There is a rapidly growing, world-wide consensus among scientists, science funders, and policy makers that the transition to truly data-driven Open Science can only be achieved when we collectively build a globally interoperable research infrastructure.
According to the European Open Science Cloud (EOSC) report this should be a ‘federated, globally accessible environment where researchers, innovators, companies, and citizens can publish, find, and re-use each other’s data and tools for research, innovation, and educational purposes’.
In Europe (EOSC), The United States (The Commons), Australia (AORC), and Africa (ADIRC), efforts to collaborate are already under way to prevent renewed silo formation and to ensure international interoperability. The EOSC is branded by the High Level Expert Group (HLEG) in its report to the European Commission as ‘The Internet of (FAIR) Data & Services’ (IFDS).
‘GO FAIR’ (short for a lightweight, international fast track approach of the Internet of FAIR data and services by Global Open FAIR Implementation Networks) is an early-mover-driven ‘bottom up’ initiative to start working on a trusted environment where public and private sector partners can deposit, find, access, exchange, and reuse each other’s data, workflows, and other research objects. This Internet-type infrastructure must put computers in the mix as a ‘first class citizen’, as the current data streams can no longer be managed and interpreted without computer-assistance throughout the entire research cycle.
The core of GO FAIR is a federation of existing topical networks of excellence that collectively commit to the FAIR approach and capitalise on their critical mass to make choices in the implementation of the FAIR principles in terms of standards, protocols, and best practices. It therefore essentially implements the recommendation of the EOSC HLEG to ‘Federate the Gems’.

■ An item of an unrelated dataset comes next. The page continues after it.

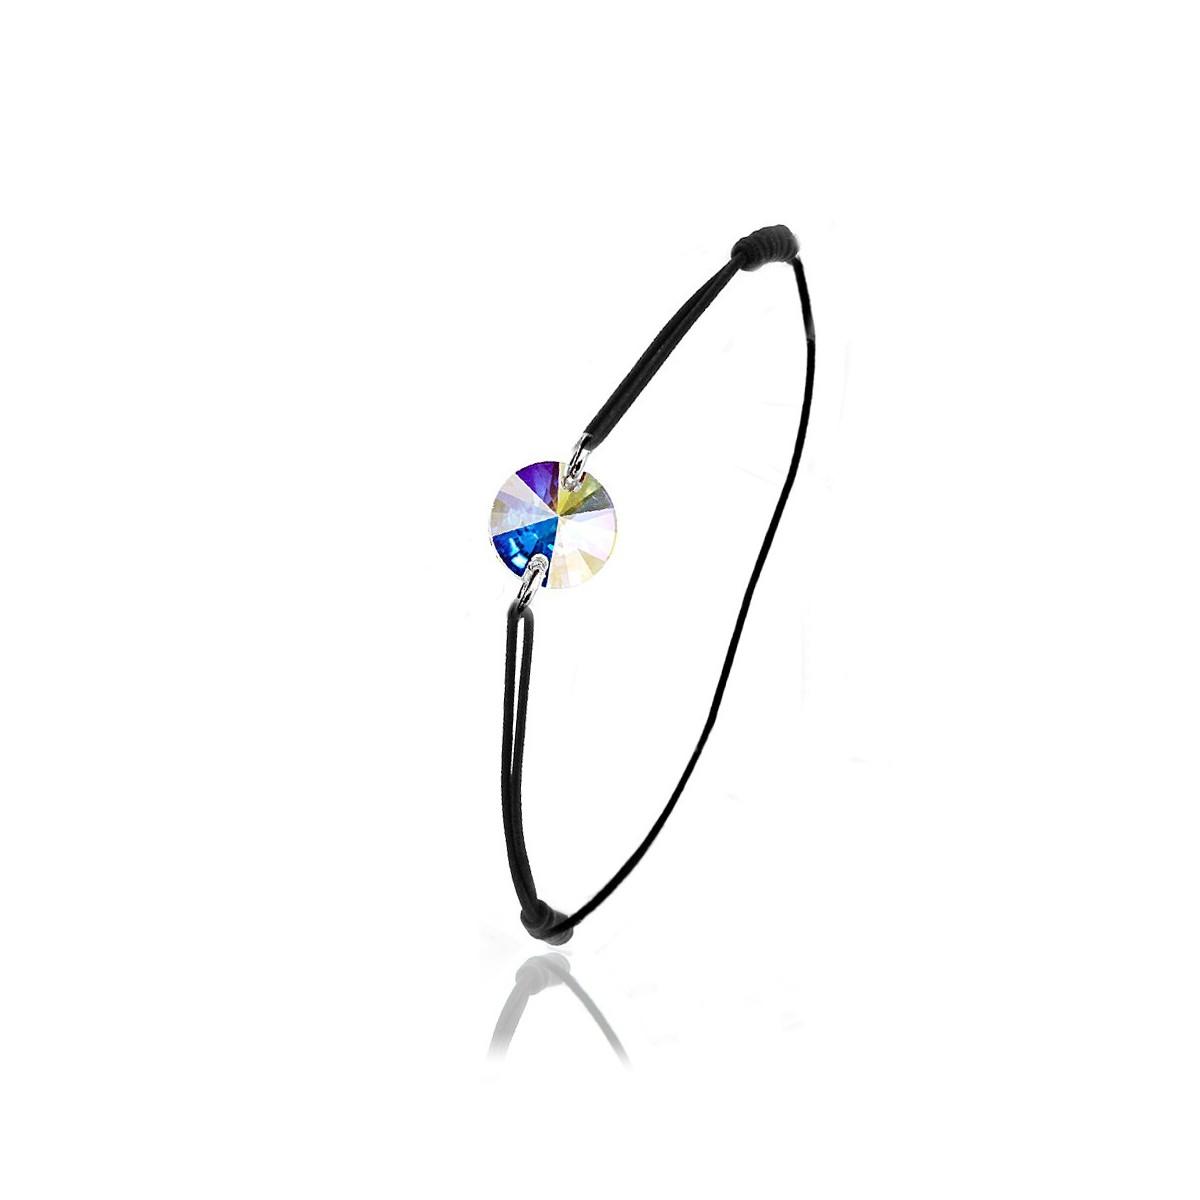 BS014-SB049-IRIS Bracelet élastique So Charm orné d'un cristal irisé made with crystal from Swarovski

The GO FAIR movement aims at making fragmented and unlinked (research) data Findable, Accessible, Interoperable and thus Reusable. These FAIR data principles actually have a much broader scope than just handling the research data tsunami. In principle, they encompass all data-related sectors.
The GO FAIR implementation approach is based on three interactive processes: building the technical infrastructure (GO BUILD) is complemented by a change programme involving relevant stakeholders (GO CHANGE) and training the data stewards capable of providing FAIR data services (GO TRAIN).
The expected impact and benefits are substantial. Users will be able to search and analyse linked FAIR data sources much more efficiently, in turn supporting and enabling more effective research, the potential to discover unexpected associations and developments, and ultimately to expedite innovation. The increased speed and efficiency of data usage will also facilitate the rapid validation of hypotheses and evaluation of treatment methods.
At this point, it is hard to estimate the actual economic impact and added value of the GO FAIR initiative, but it is highly likely the implementation cost will be substantially lower than the long-term impact of the efficiency increase in a world progressively dominated by largely unmanageable and partially actionable ‘Big Data’.
The Netherlands, in close partnership with Germany, and a growing number of additional countries is helping to coordinate the establishment of a series of such Implementation Networks in European Member States and beyond, with an additional specific priority to undertake a co-leadership role in Africa. So far (March 2017), six GO FAIR INs have been established or are under development, coordinated in four European Member States with resonance also in other regions like the United States, Australia, Latin America, and Africa.